A nova edição reflete a reorganização normativa introduzida pela Resolução CVM n.º 175/2022 ao incorporar conceitos como classe e subclasse de cotas, bem como a figura do FIAGRO. Além disso, revisa a distribuição de responsabilidades entre os diferentes prestadores de serviços dos fundos de investimento. Nesse contexto, o guia reafirma a importância da abordagem baseada em risco, destacando a necessidade de que políticas, procedimentos e controles internos sejam compatíveis com a complexidade das estruturas, produtos e relacionamentos estabelecidos por cada instituição.
Um dos pontos de maior destaque da edição de 2025 é a ampliação das responsabilidades atribuídas ao gestor de recursos, que passa a ter papel mais ativo na condução de diligências relacionadas à contratação de distribuidores e outros prestadores relevantes. No tocante aos ativos, a nova edição também introduz a recomendação de diligência dos demais cotistas ou acionistas relevantes das investidas, conforme Abordagem Baseada no Risco (ABR) adota pela gestora, no caso de o FIP em questão não ser o único detentor do capital social de tais empresas. Essa orientação dialoga diretamente com a lógica de responsabilização funcional adotada pela Comissão de Valores Mobiliários (CVM), ao buscar reduzir assimetrias de controle e evitar lacunas nos programas de PLD/FTP.
Em linha com as melhores práticas internacionais, a ANBIMA ampliou ainda a relação de listas e fontes externas sugeridas para consultas relacionadas ao financiamento do terrorismo e à proliferação de armas de destruição em massa, em consonância com as diretrizes do GAFI (Grupo de Ação Financeira Internacional). As atualizações introduzidas na quinta edição do Guia também consideram o período de transição previsto pela Resolução CVM n.º 175/2022, esclarecendo que determinadas orientações somente se aplicam aos fundos que já tenham concluído seu processo de adaptação ao novo regime regulatório.
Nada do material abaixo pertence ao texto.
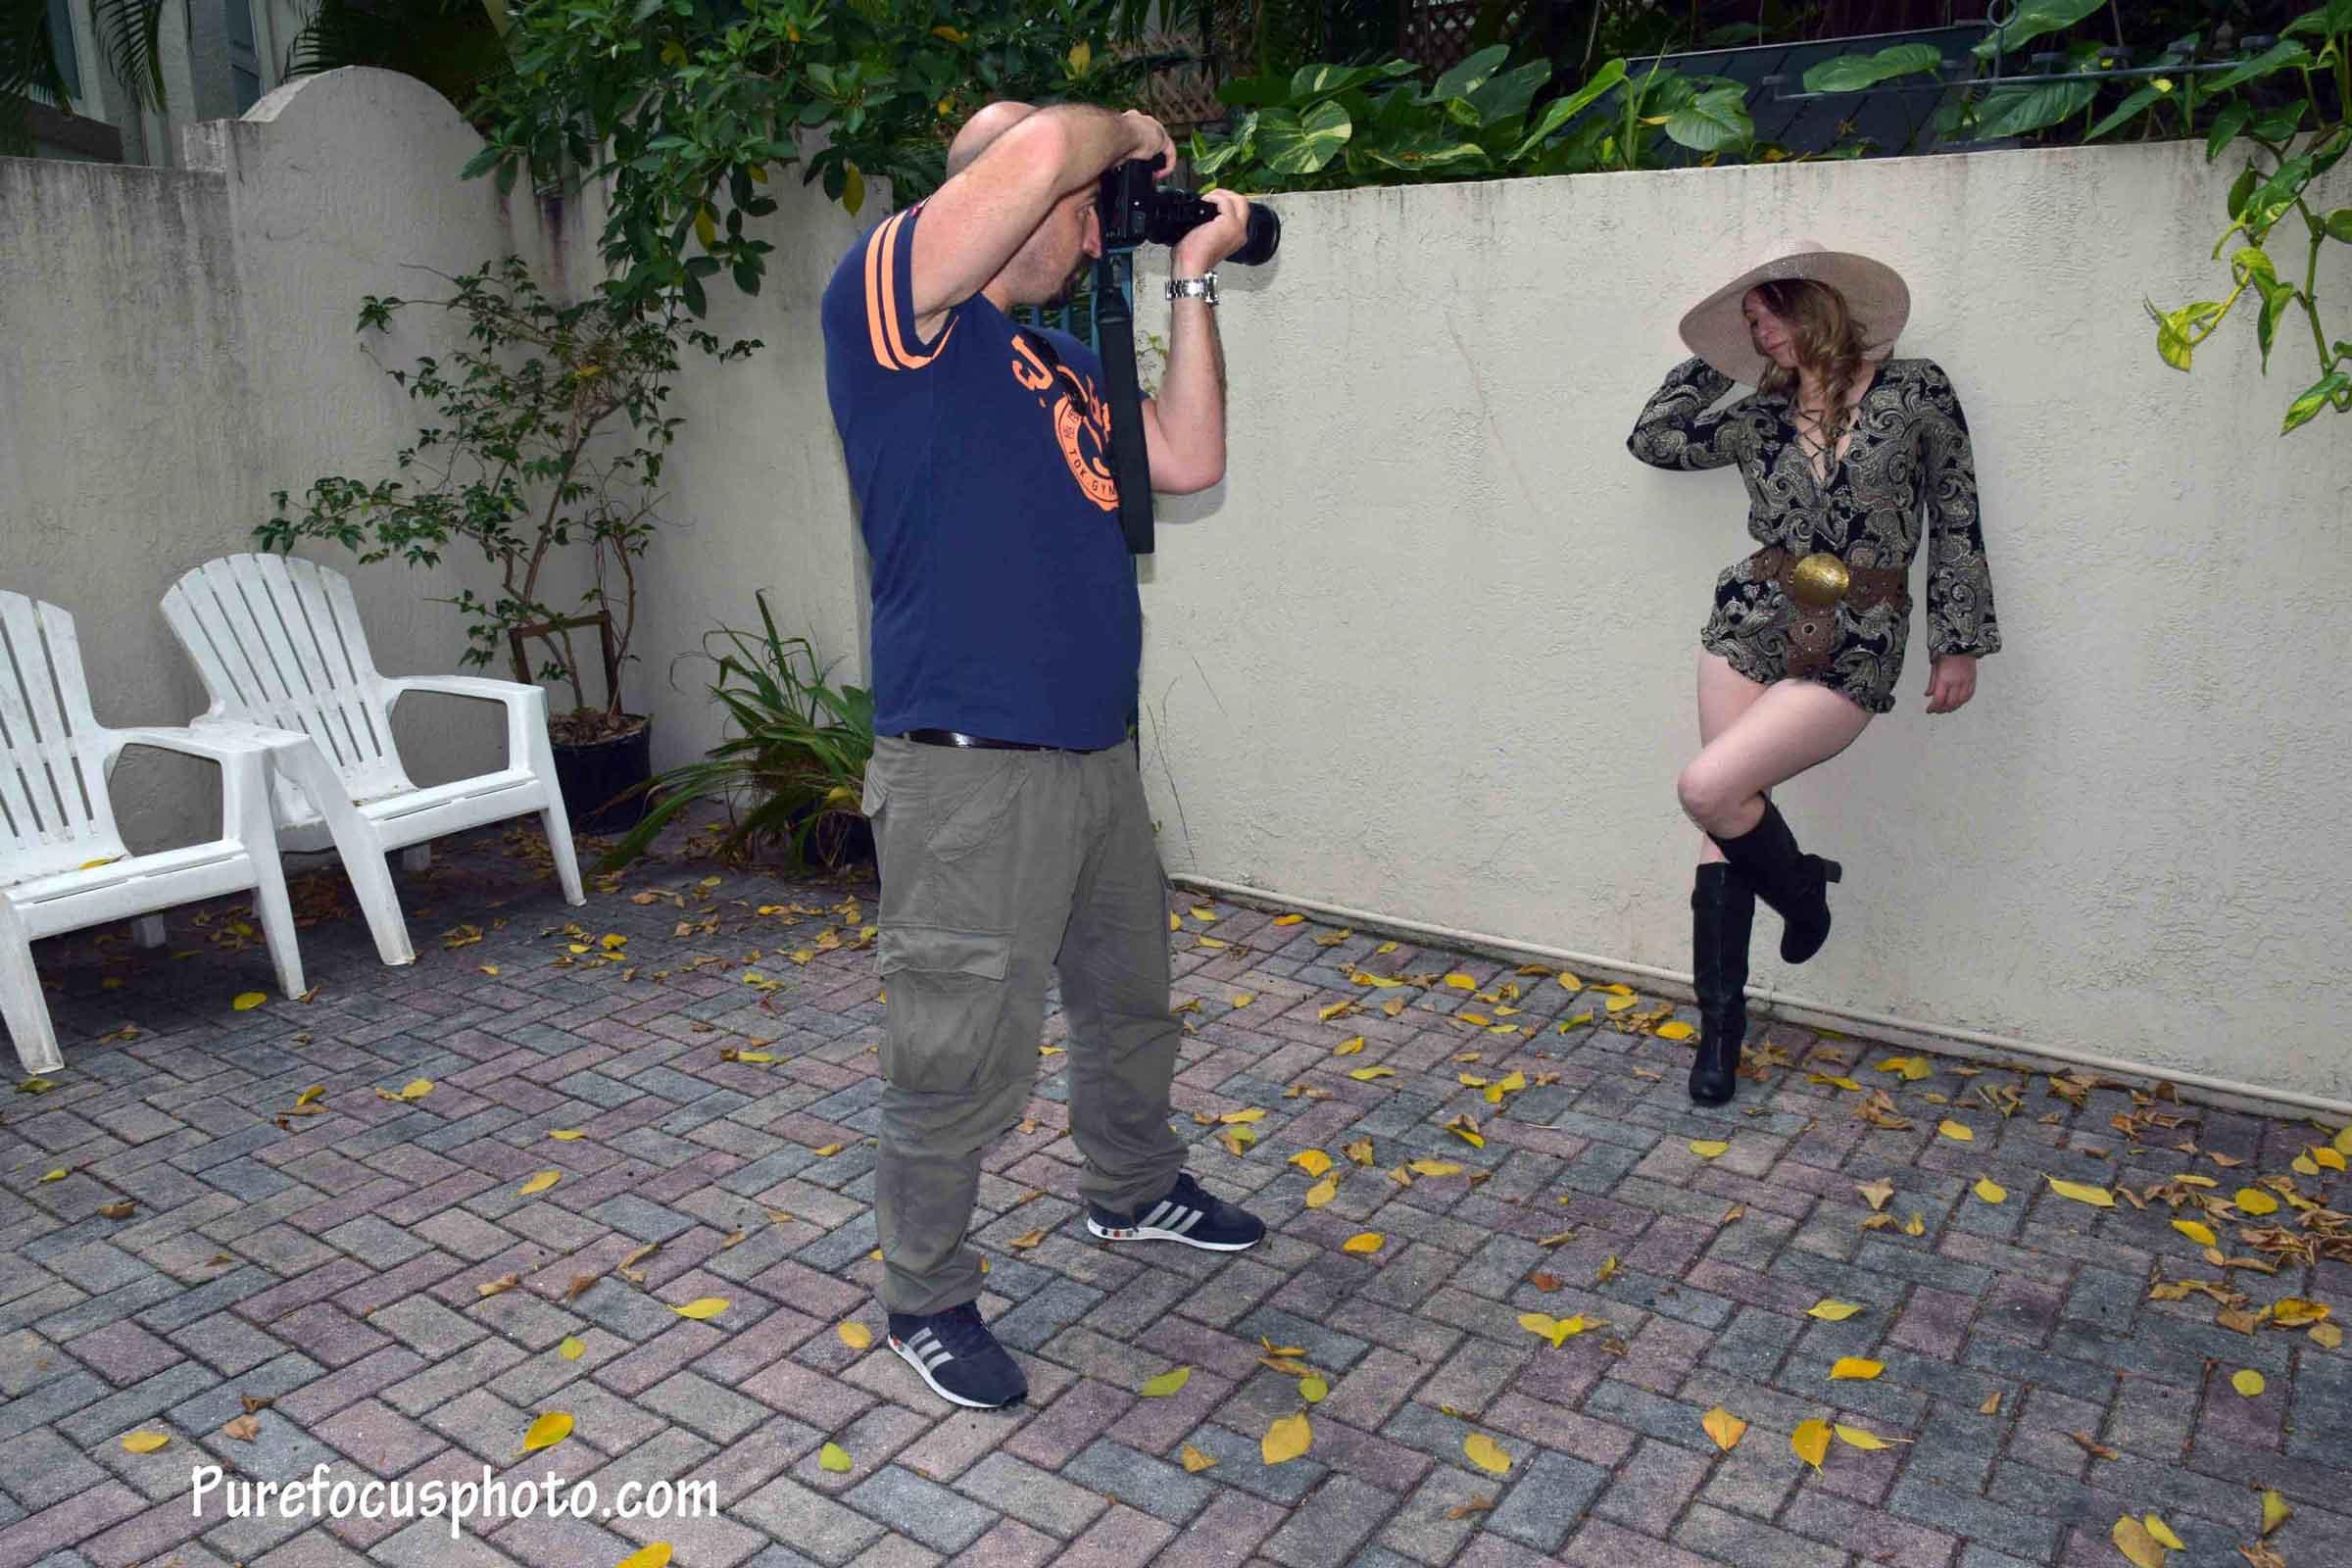 Shooting the shooter :-)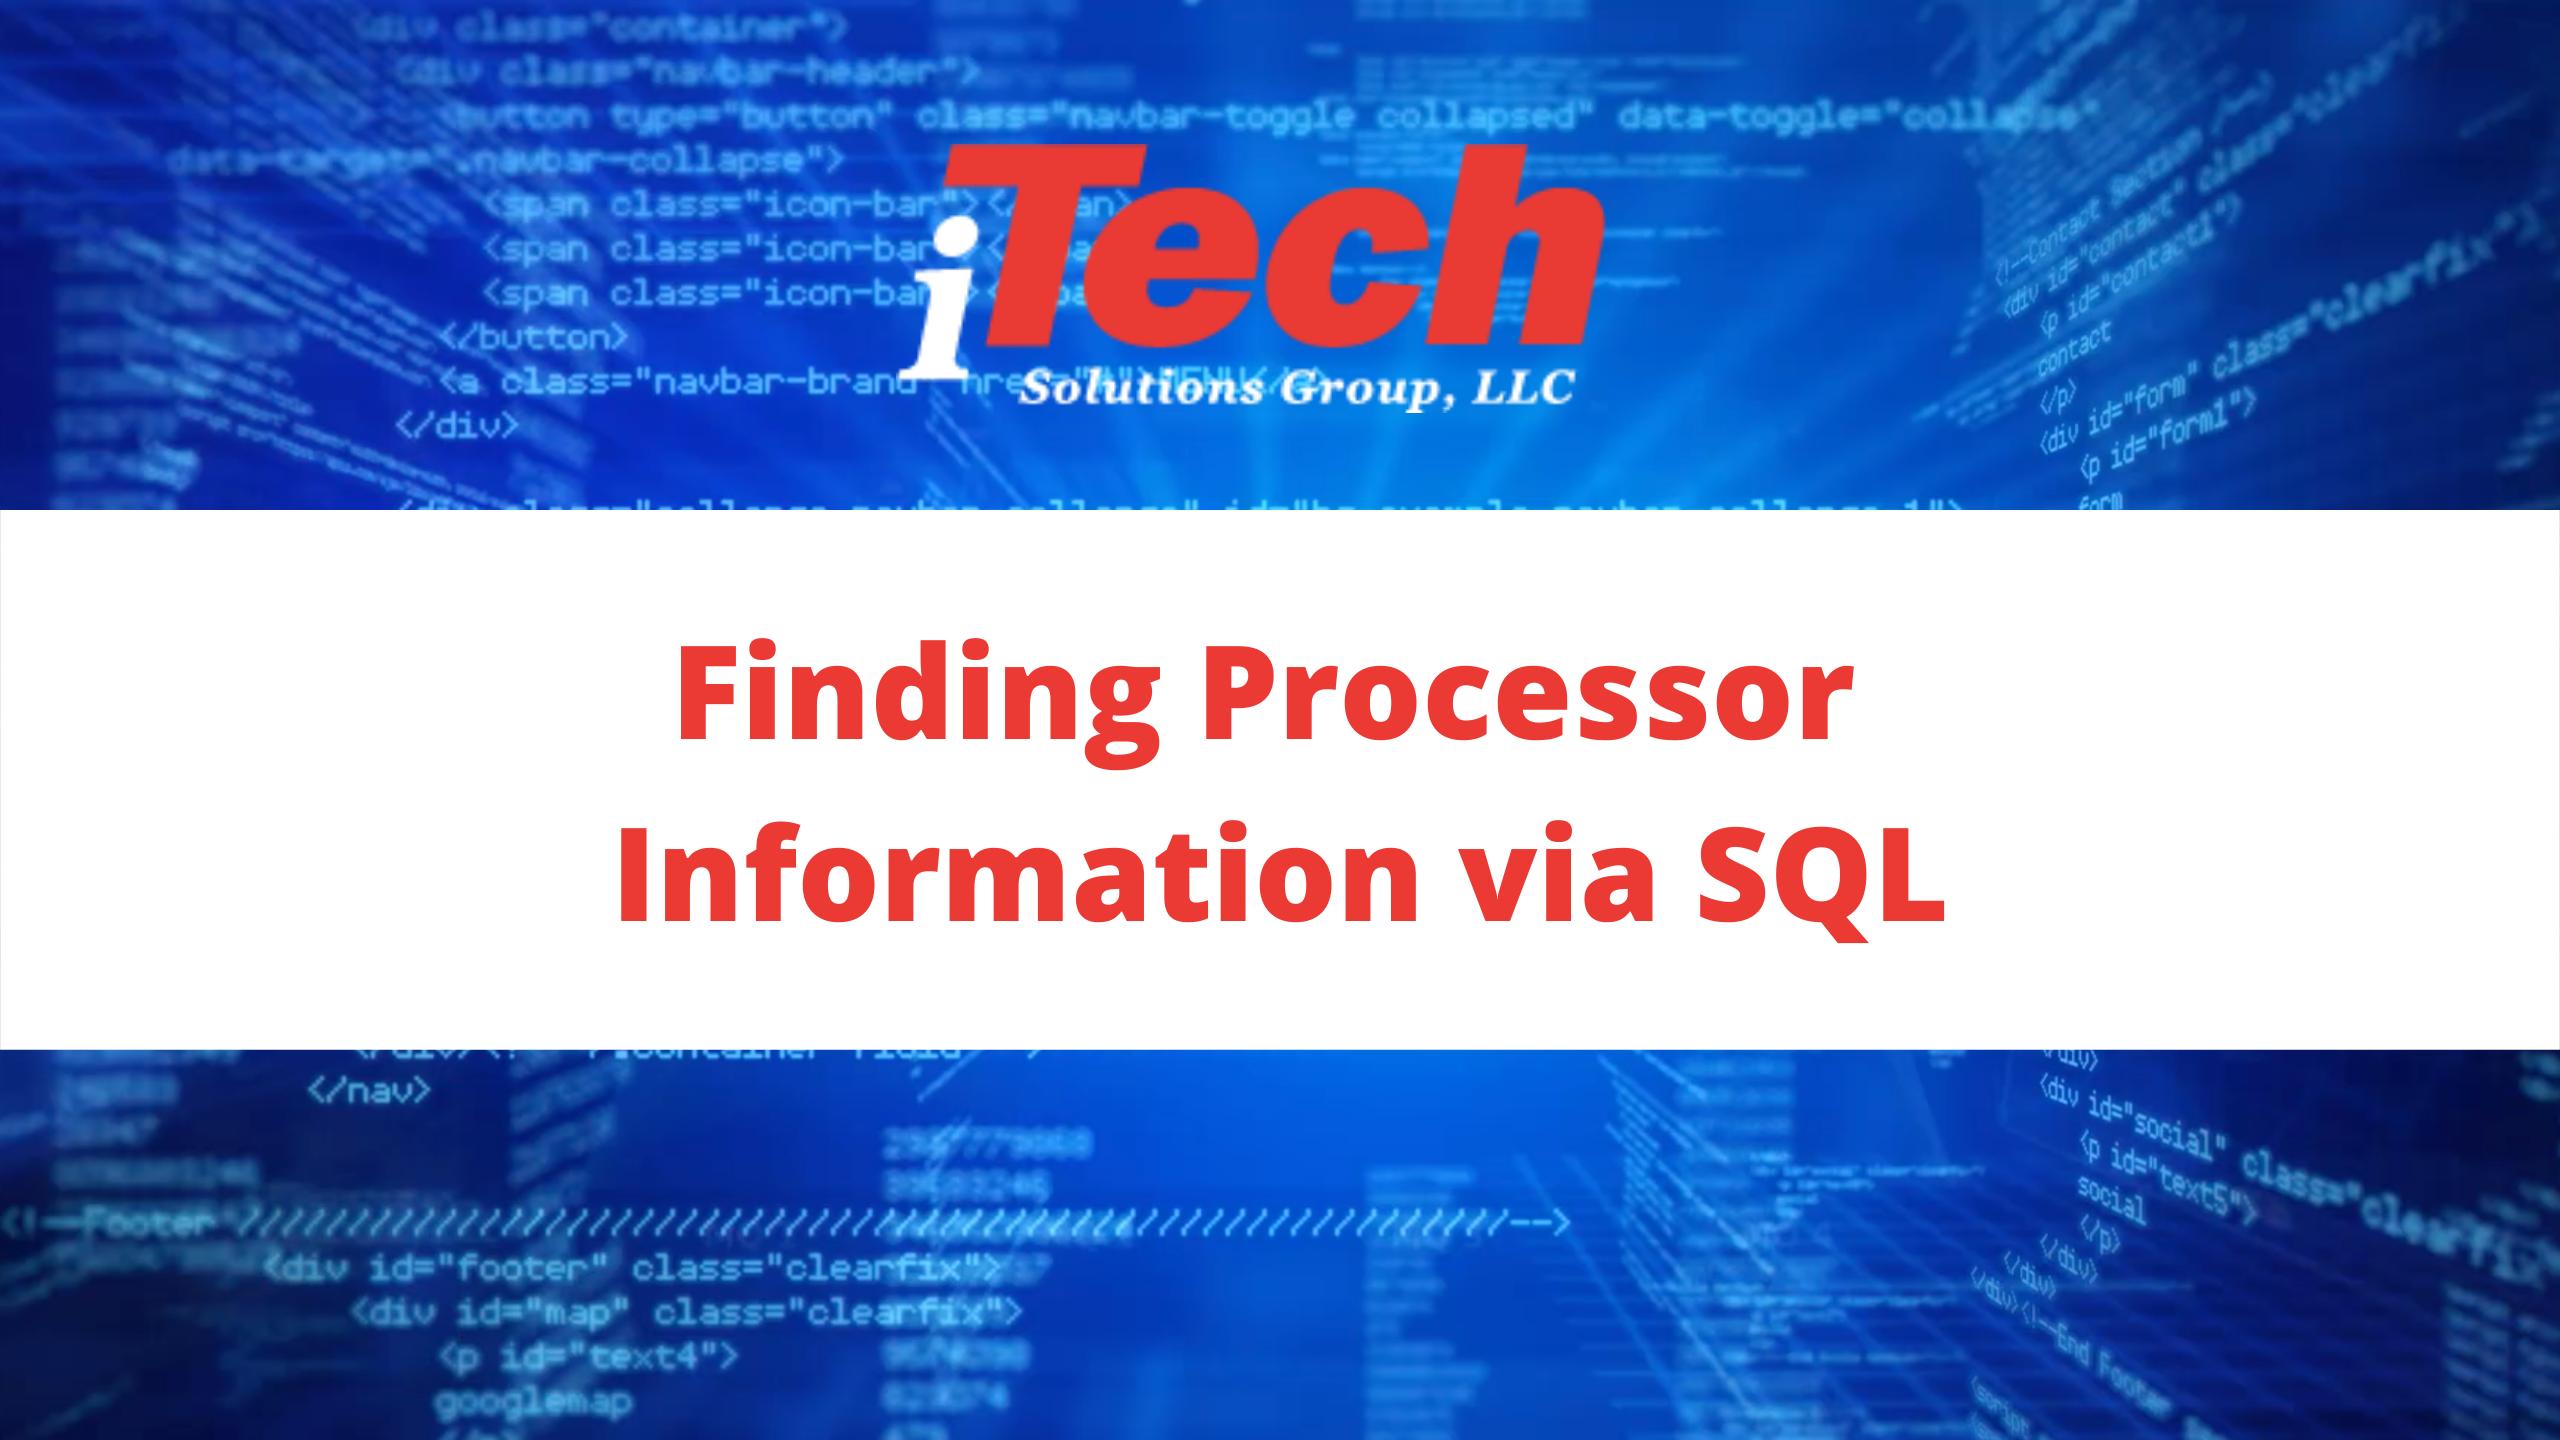 Finding Processor Information via SQL

Entre os ajustes promovidos, destacam-se refinamentos nas orientações relacionadas ao processo de Conheça Seu Cliente (KYC), bem como esclarecimentos quanto à comunicação de não ocorrência ao Coaf. Sobre esse ponto, o Guia incorpora o entendimento da CVM no sentido de que o gestor pessoa física, quando vinculado a um gestor pessoa jurídica devidamente cadastrado, não precisa realizar reporte individual de não ocorrência, uma vez que a vinculação já se dá por meio das informações prestadas no formulário de referência. A orientação contribui para racionalizar obrigações, reduzir sobreposições operacionais e reforçar a eficiência do sistema de reporte.
Ainda que não substitua a análise individualizada da aplicação da Resolução CVM n.º 50/2021 e, quando for o caso, da Circular BCB n.º 3.978/2020 por cada instituição, o Guia ANBIMA de PLD/FTP se consolida como um instrumento relevante de referência prática, especialmente para instituições que atuam na administração, gestão, distribuição e demais atividades relacionadas a fundos de investimento. Em um ambiente regulatório cada vez mais orientado à efetividade e à responsabilização, o documento contribui para elevar o nível dos programas de PLD/FTP e fortalecer a integridade no mercado de capitais brasileiro.